Dans un café, un jeune homme, Viktor, interpelle des étrangers : "Tu es de l’ambassade ? Je veux partir d’ici. Tu pourras m’aider", continue-t-il.

Inlassablement, il cultive l’espoir d’échapper, au plus vite, à cette ville. Son rêve, rejoindre un cousin parti faire fortune aux Etats-Unis. L’eldorado pour fuir une vie paraissant chaque jour un peu plus lourde.

Le salaire moyen ukrainien en dit long sur les difficultés de la population : à peine 200 euros. En contrepartie, la vie ne coûte pas vraiment cher : on y mange pour 4 euros, la pinte de bière flirte avec les 2 euros et le paquet de cigarette effleure 1,80 euros… Kiev est d’ailleurs une mine pour le consumer européen qui se donne la peine d’y venir.
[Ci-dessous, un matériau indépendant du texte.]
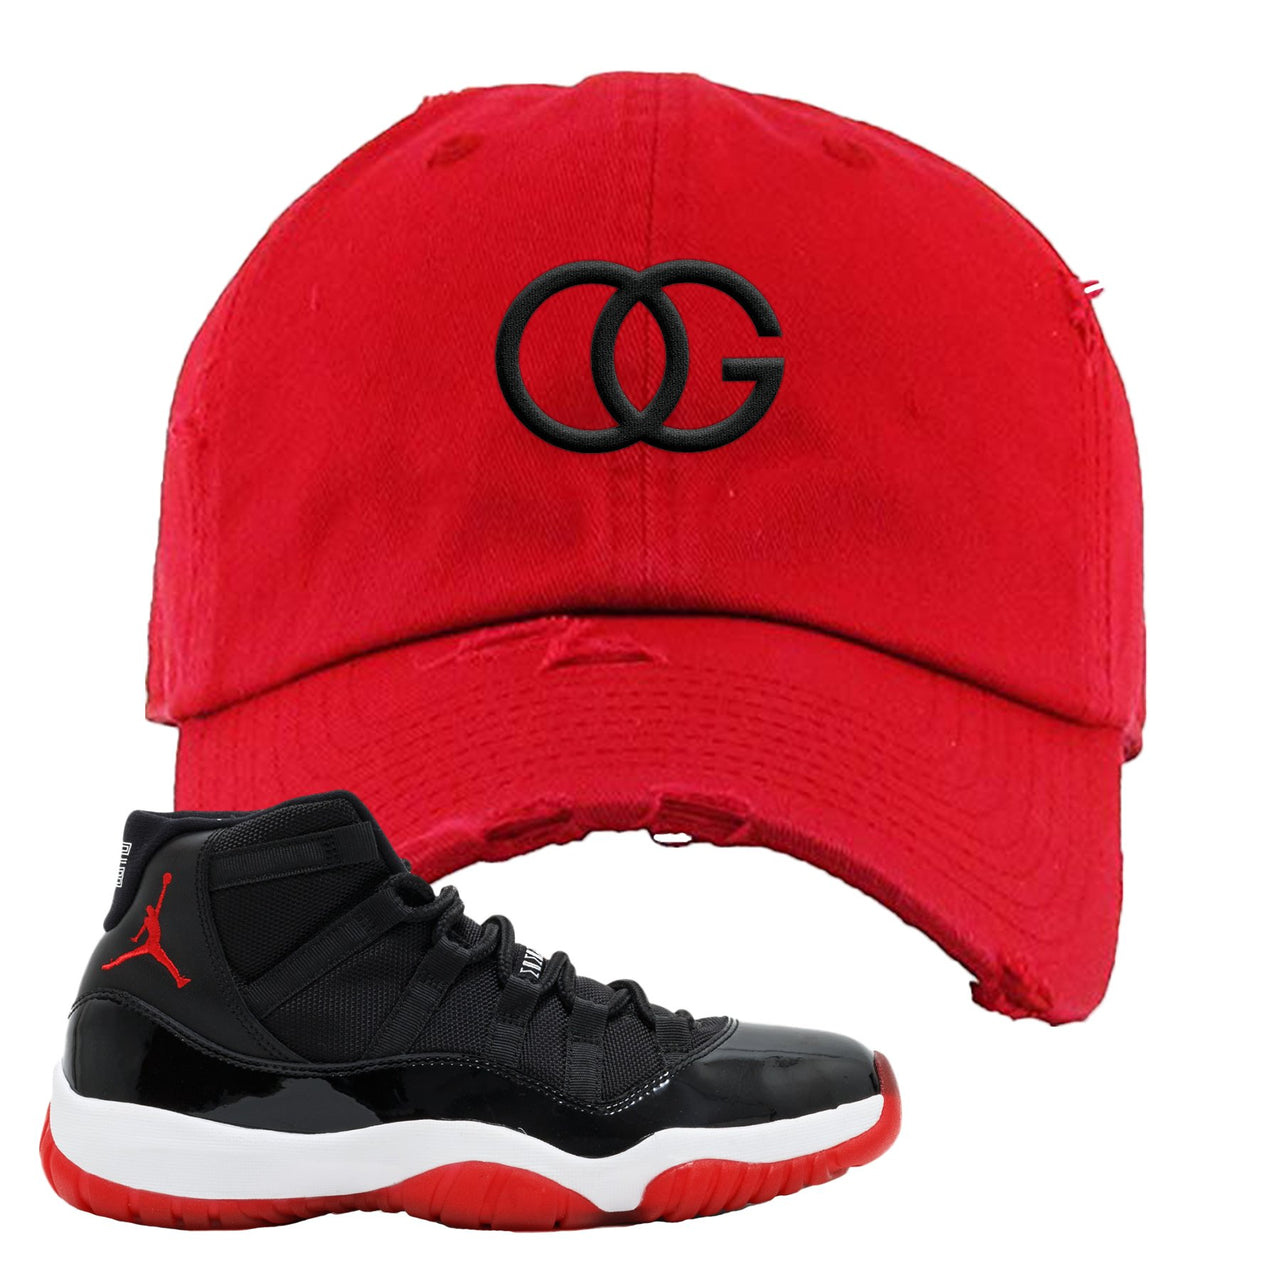 Jordan 11 Bred OG Red Sneaker Hook Up Distressed Dad Hat

Les soldes sont quasi permanentes : -50%, -70% sur des prix, au départ, assez bas. Crise financière oblige, la monnaie s’est effondrée en 2008 et la capitale est devenue la vitrine idéale du bobo européen en mal de bonnes affaires.

Calme précaire

C’est une étrange impression de calme (avant la tempête ?) qui règne dans la ville ; elle semble tellement paisible. Pourtant, à 600 kilomètres, une région du pays est en guerre, une guerre civile murmure-t-on ici. On a peine à y croire.

Jusqu’à ce que la réalité éclate, saute aux yeux, quand sur la place Maïden, l’immense campement militaire abrite encore ses contestataires pacifistes (des centaines peut-être) : des sans-abris, des clochards, mais aussi des manifestants et des apatrides originaires de l’Est du pays (Donetsk, Kharkov…) qui ne peuvent plus rentrer chez eux, sous peine de devenir la proie des séparatistes russes… Leur seul tort : avoir manifesté ici, à Kiev, pour l’indépendance de leur pays. Il suffit d’échanger avec quelques personnes pour mesurer l’importance de cette guerre :

Nombreux sont ceux qui ont un ami, l’ami d’un ami là-bas, dans les régions de l’Est et du Sud de l’Ukraine, qui se bat ou qui subit les combats",

rappelle une correspondante française à Kiev.

On estime à 400 morts déjà, les victimes des affrontements. De source ukrainienne, il se dit qu’il y aurait même des disparus. Si nos rédactions européennes peinent à parler de "guerre civile", préférant évoquer "des combats", en y regardant de plus près, le processus semble bien engagé.

Le 27 juin dernier, l'Ukraine et l'UE signaient un accord d'association. Gageons que cette date entrera dans l’histoire. Non pas celle qui bégaie, mais plutôt celle qui permettra au pays de prendre son destin en main.